Avant les années 2000, les pouvoirs publics se sont peu préoccupés des déchets de la construction. Deux décennies plus tard, l’intérêt de l’État pour ce sujet s’est fortement accru. La loi du 10 février 2020 relative à la lutte contre le gaspillage et à l’économie circulaire vient illustrer cette nouvelle volonté de contrôle. Néanmoins, le changement va sans doute un peu trop vite pour la filière. Certes, nul n’est censé ignorer la loi, mais le BTP risque de se retrouver dans l’embarras. Créée en 2014 par l’éco-organisme Récylum (rebaptisé Ecosystem depuis 2019) avec le soutien de l’Agence de l’environnement et de la maîtrise de l’énergie (Ademe), la plate-forme Démoclès a justement pour tâche d’aider les maîtres d’ouvrage et les entreprises à appréhender ces évolutions réglementaires.
Dans cette optique, cette entité a lancé le 12 mars l’appel à projets « 50 maîtres d’ouvrage exemplaires ». Cette opération s’adresse aux responsables de chantiers qui souhaiteraient mettre en pratique les théories de l’économie circulaire, sans bien savoir comment s’y prendre.
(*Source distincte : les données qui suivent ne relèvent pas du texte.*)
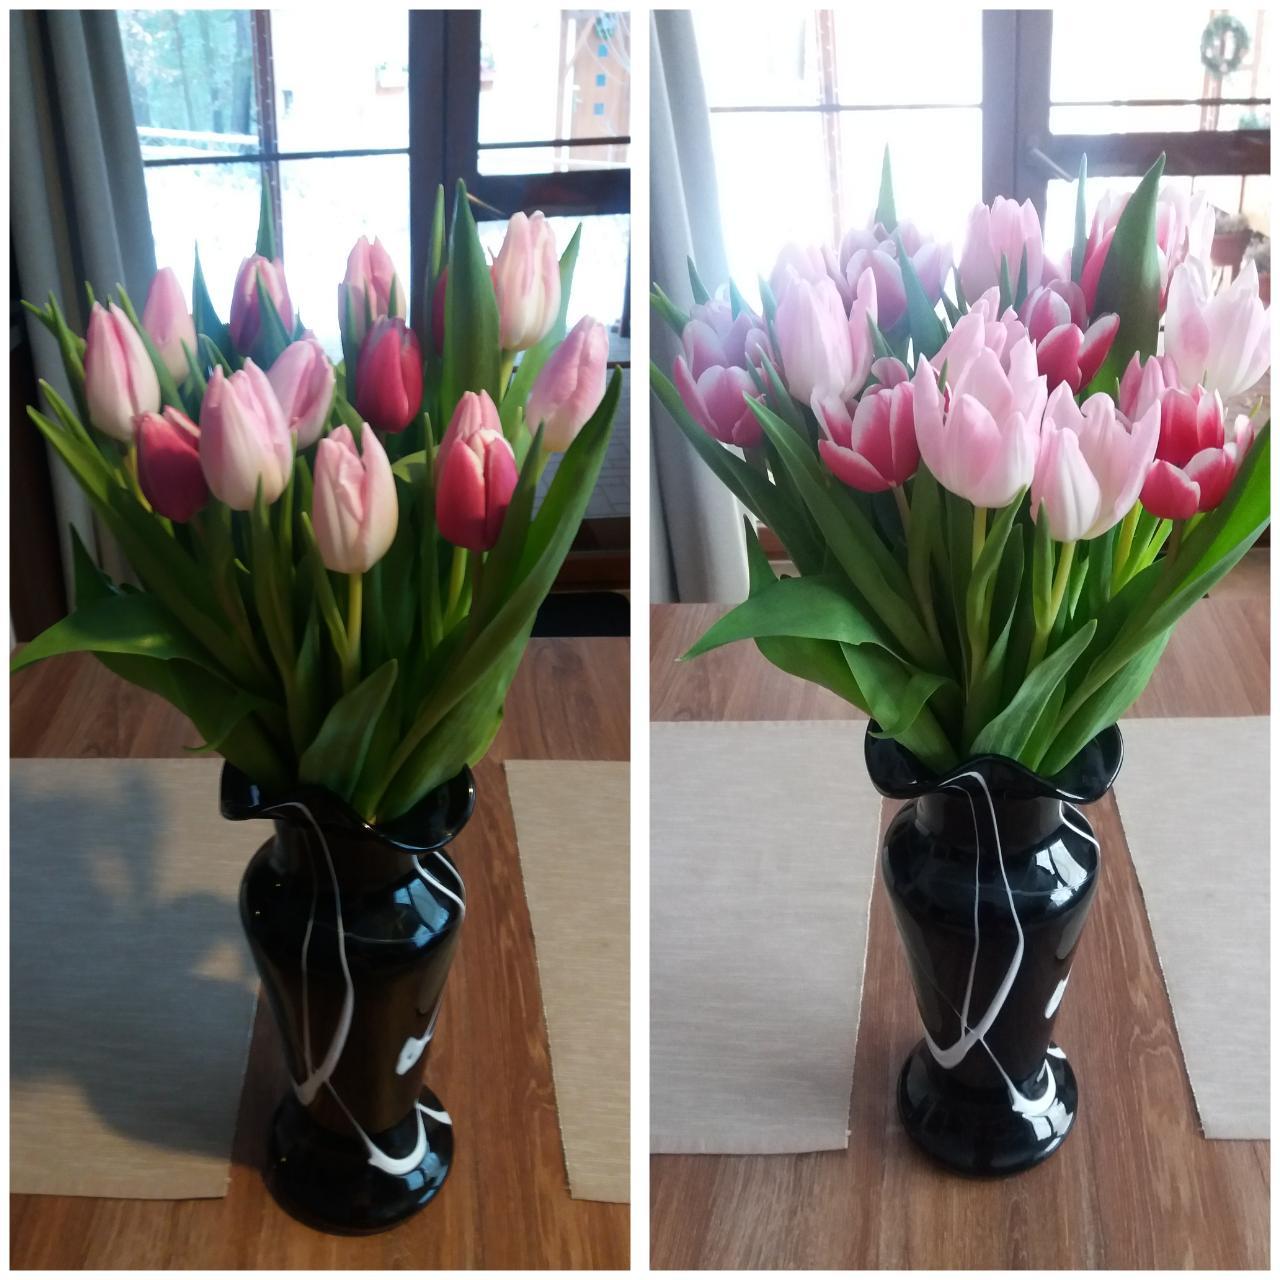 Rok 2017 u nás a po našem.... - Puvodne takrka bile tulipany se krasne zabarvuji do ruzova...

Les lauréats recevront l’appui de bureaux d’études dans leurs démarches. Ce soutien pourra concerner soit une opération en particulier ou bien l’ensemble de leurs projets. « Il y a une montée progressive des obligations, explique Rym Mtibaa, coordinatrice de la plate-forme Démoclès. Il faut accompagner les acteurs afin qu’ils puissent considérer ces exigences dans leur ensemble. Cet appel d’offres cherche à déclencher une vague de mobilisation chez les maîtres d’ouvrage. Le temps n’est plus au chantier 100 % exemplaire qui reste exposé comme un trophée sur un coin de la cheminée. » Le dépôt des candidatures s'est effectué jusqu’au 30 avril prochain, « mais nous continuerons jusqu’à atteindre les cinquante participants », précise la coordinatrice.
Au nom de la loi
Si cette action vise avant tout à transmettre de bonnes pratiques, elle pourrait aussi donner une meilleure vision de la situation à l’Ademe et aux membres de Démoclès. La loi du 10 février les enjoint en effet de réfléchir à deux grands problèmes : la traçabilité des déchets du secteur et l’application du concept de « responsabilité élargie du producteur » (REP) à tous les rebuts du BTP. Pour le moment, aucune décision n’est prise quant à ces questions. « La traçabilité constitue une mesure importante. Aujourd’hui, les maîtres d’ouvrage ont des difficultés à prouver que leurs déchets sont valorisés. Et les entreprises de construction peinent à leur répondre, constate Christian Brabant, directeur général d’Ecosystem. Il faut donc que nous réussissions à garder tout le monde dans la boucle. La forme de l’outil dépendra aussi du schéma choisi pour la REP. »
Pour l’heure, ce schéma paraît loin d’être établi. Arnaud Leroy, le président de l’Ademe, n’écarte aucune piste : « Il y a une multitude de possibilités. Le sujet est conséquent et nous ne souhaitons pas nous mettre en porte-à-faux avec Bruxelles. Par ailleurs, nous touchons à un domaine très sensible où des modèles commerciaux existent déjà. » Ces derniers peuvent se prévaloir d’une certaine efficacité. Parmi les quelques 42 millions de tonnes de matériaux mis à la benne par les chantiers, Démoclès souligne que les 31 millions de tonnes de déchets inertes sont « globalement bien valorisées ». D’ici la fin de l’année, l’établissement public devrait rendre au Ministère une première étude à ce propos. « Nous ferons au mieux en fonction du calendrier », indique le président. Selon la loi, la REP devrait s’appliquer au BTP à compter du 1er janvier 2022.